This is an unpublished report formulated in the 1970s by a now-retired USGS scientist Art Lachenbruch and now-deceased USGS scientist B. Vaughn Marshall. The report was provided to the USGS Coastal and Marine Hazards Program by Dr. Lawrence Lawver of the University of Texas Institute for Geophysics. Dr. Barbara Lachenbruch, Emeritus Professor at Oregon State University, also has a copy of this report in the scientific papers of her father, Dr. Arthur H. Lachenbruch. From 2016 to 2019, the Woods Hole Coastal and Marine Science Center engaged in correspondence with Drs. Lawver and B. Lachenbruch to verify the state of the report. Some queries about the report and the T-3 measurements were also passed to Dr. A. Lachenbruch through his daughter.

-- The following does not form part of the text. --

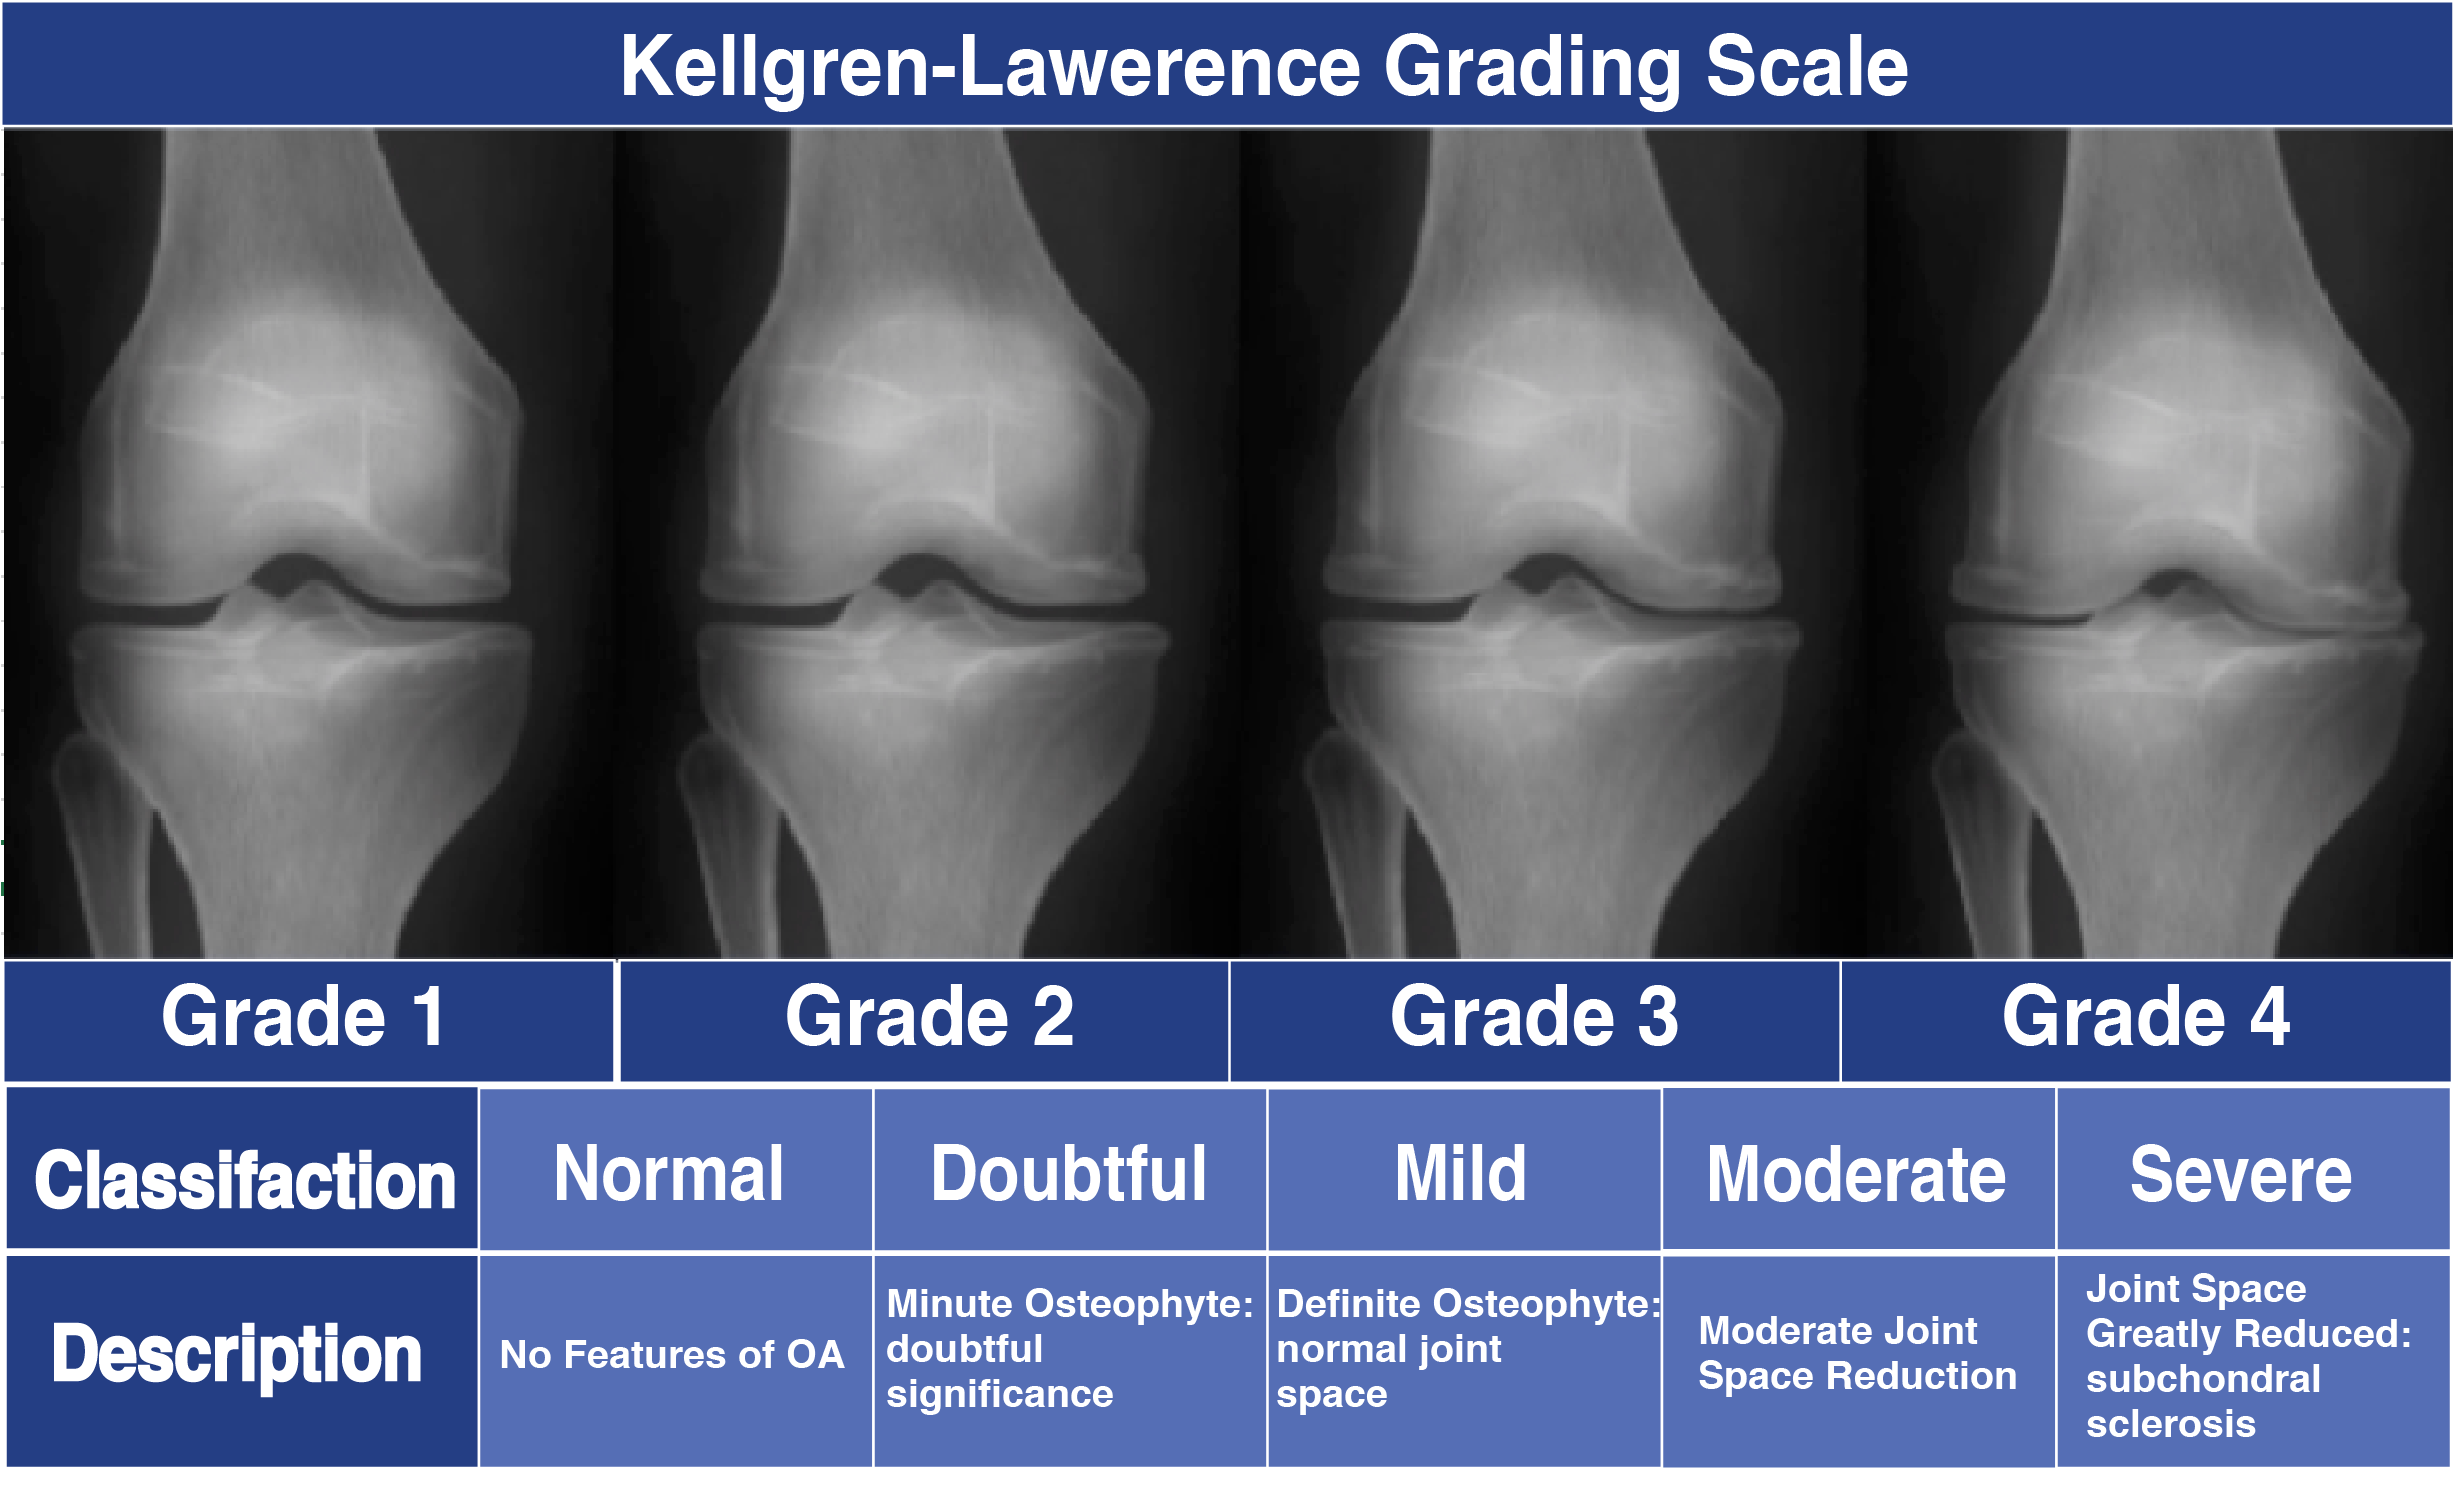 pain pressure threshold knee compartments
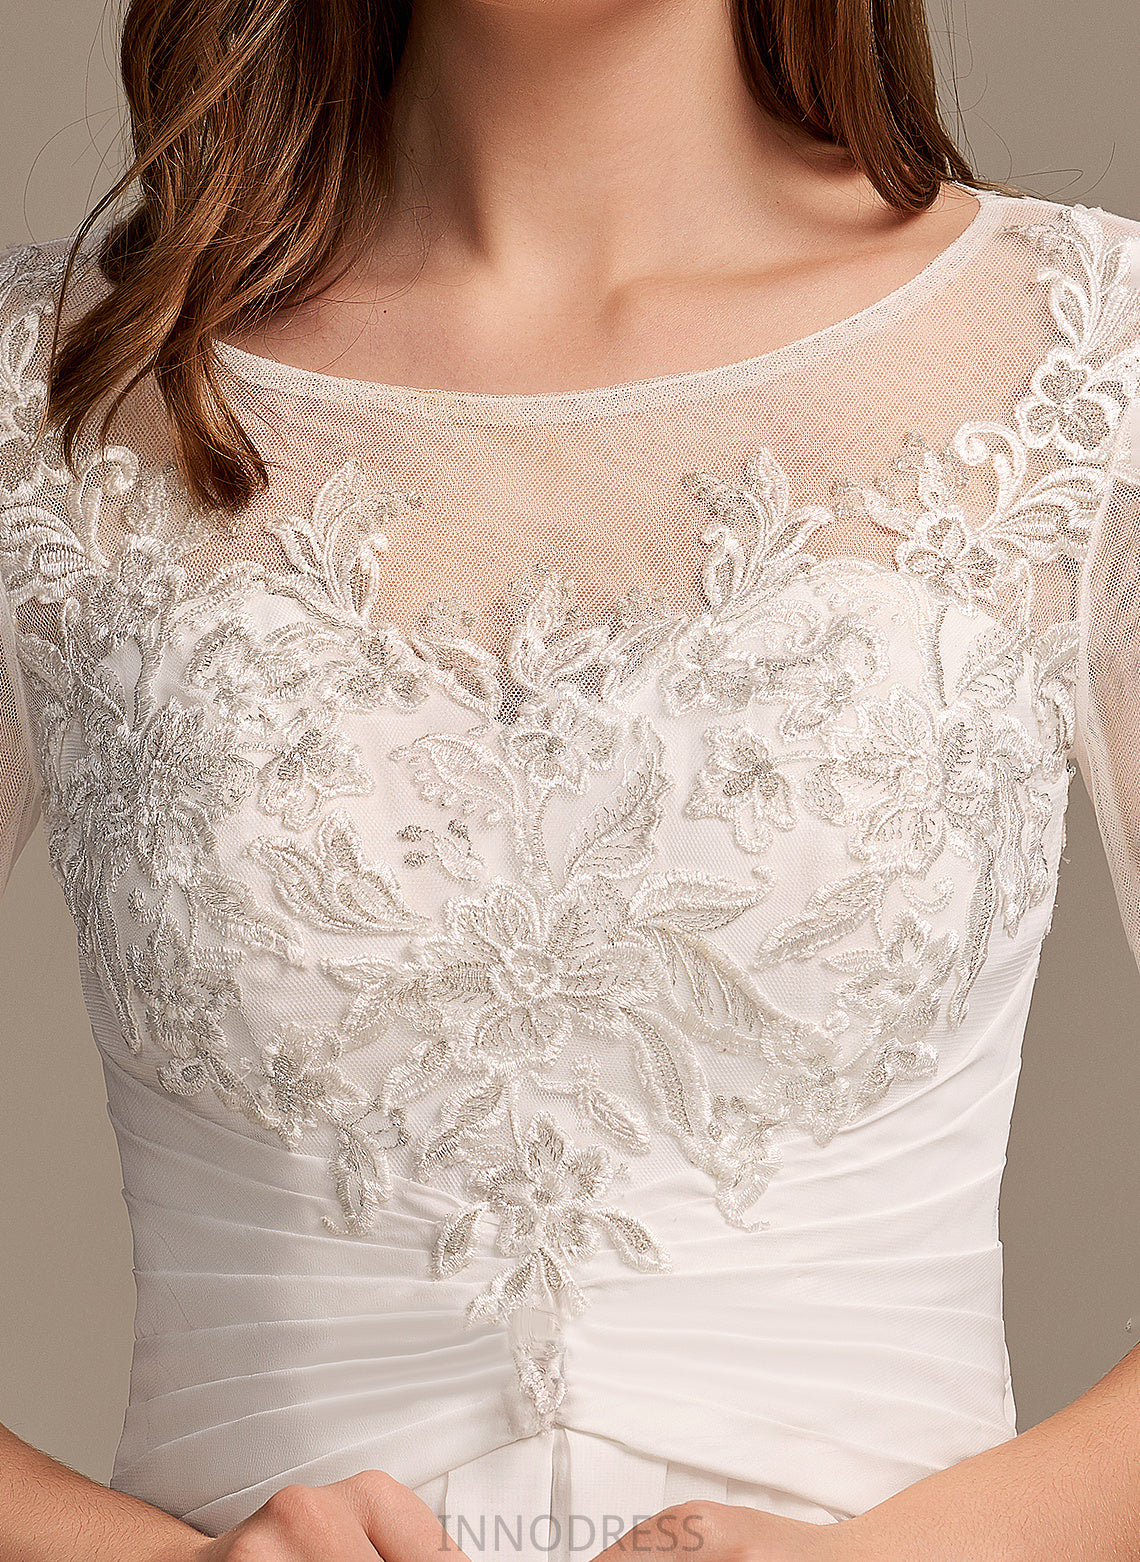 Asymmetrical Wedding Dresses Wedding With Chiffon Micaela Lace Illusion Dress A-Line

The report has standalone value as a scientific product and is also the source of the heat flow data (tables) used as the basis for the associated sciencebase.gov release and a paper in the Journal of Geophysical Research. The report has therefore been updated and is being preserved by the USGS as a document associated with USGS Field Activity 1963-001-FA.
The exact date of this unpublished report is unknown. Based on (a) the latest reference (Coachman L.K. and K. Aagaard, Physical Oceanography of Arctic and Subarctic Seas. In: Herman Y. (eds), Marine Geology and Oceanography of the Arctic Seas, pp. 1-72, Springer-Verlag, New York, 1974,
https://doi.org/10.1007/978-3-642-87411-6_1) being 1974; (b) the report's providing data through the end of the T-3 heat flow experiment in 1973; (c) the report's inclusion of some post-expedition analysis, we infer that the report was completed in ~1974.
The report contains handwritten notes from the original authors, and only some of these notes have been transcribed (typed) into the document. The report uses the metric system to report water depths, but uses some non-SI units to describe the measurements made by the USGS. For example, heat flow is reported in heat flow units (HFU), which were commonly used until the 1980s. Radiogenic heat is reported in non-SI mass units (microcalorie per gram per year), while volumetric SI units (which inherently include density) are used in the modern era.
Note that there have been some stability problems with the PDF of the report. Specifically, some of the notes added to the report in 2019 revert to incorrect fonts or text is not present when the PDF is opened (particularly in figure captions). If this occurs, please bring the problem to the attention of the USGS contact for this dataset.